Thermo-Calc 2021b Available Now

Thermo-Calc 2021b is released June 2021 and includes a new Batch calculation type for high throughput calculations, an easy way to export data from all plots, seven new databases, a new Scheil model, and more.

Highlights of Thermo-Calc 2021b

Batch Calculation Type for High Throughput Calculations

A Batch calculation type has been added to the Property Model Calculator that allows for high throughput calculations. This new calculation type allows users to upload a CSV file or spreadsheet into the Property Model Calculator, allowing the calculator to read in significant amounts of input data. Results from batch calculations can then be compared to experimental values, if they are included in your file.

The Batch calculation type uses information from uploaded data to configure your calculation and offers validations to help ensure that files are formatted correctly. Additionally, users can set timeouts for each row in order to prevent the program from hanging on incorrectly formatted rows.  


A new calculation type in the Property Model Calculator, Batch Calculations, allows users to import data from a spreadsheet or CSV file. The table above shows data in Thermo-Calc that was read in from a CSV file.

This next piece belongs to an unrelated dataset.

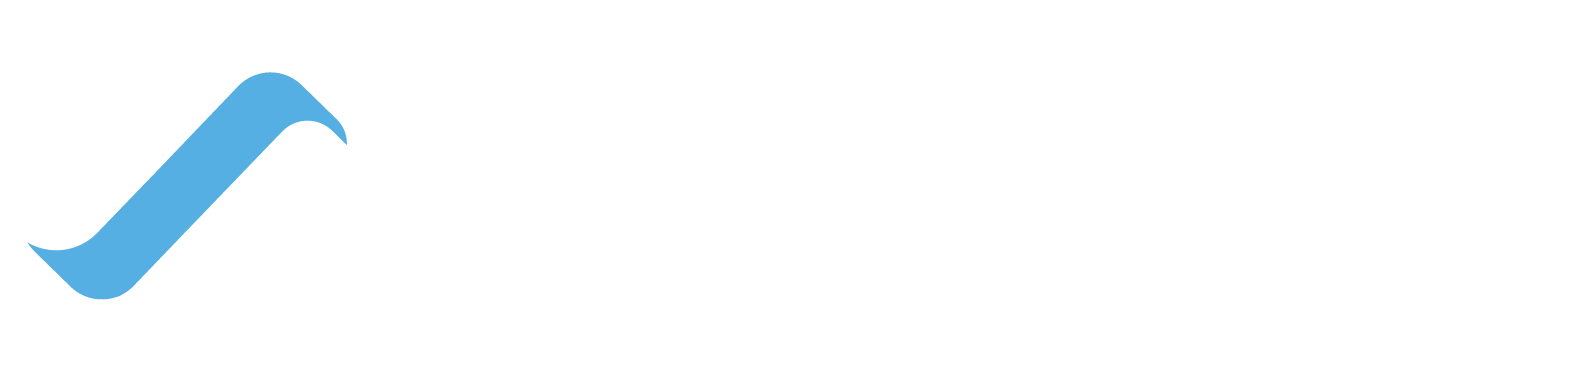 Pharming Group logo grand pour les fonds sombres (PNG transparent)

Two new plot types were added to Thermo-Calc to allow users to compare calculated results to experimental values, if they are included in your file: Cross Plot Mode, which plots the results and experimental values, and Statistical Mode, which plots frequency and normal probability. 

One new example, PM_G_12 – Solidus and Liquidus Batch Calculation, is available  demonstrating the new Batch Calculation type.

A companion video walks you step-by-step through setting up the example and discusses the new Batch calculator. 

Scheil with Solute Trapping for High Solidification Speeds

A new model has been added to the Scheil solidification calculator to improve calculations that have a high solidification speed, the Solute Trapping model. This new model is particularly useful for applications to additive manufacturing.


A Scheil Solidification Simulation for an Al-Si-Mg alloy using the Solute Trapping Model compared to a Classic Scheil Solidification Simulation and equilibrium. As the plot shows, the solute trapping model is closer to equilibrium as the solidification progresses.

The model is based on the main assumption that the primary phase is the only dendrite forming phase within which solute trapping is induced by high solidification speed. The resulting solute trapping also affects composition and amount of other solid phases.

The new model is available in Graphical Mode, Console Mode, TC-Python, and TC-Toolbox for MATLAB®.

A new example is included for each of these modes demonstrating this new model: 

  • Graphical Mode: T_13_Scheil_with_Solute_Trapping.tcu (Thermo-Calc folder)
  • Console Mode: tcex57.TCM
  • TC-Python:
  • TC-Toolbox for MATLAB®: matex_T_16_Scheil_solute_trapping_Al_Si_Cu.m

A presentation is available describing the model and the assumptions that are made.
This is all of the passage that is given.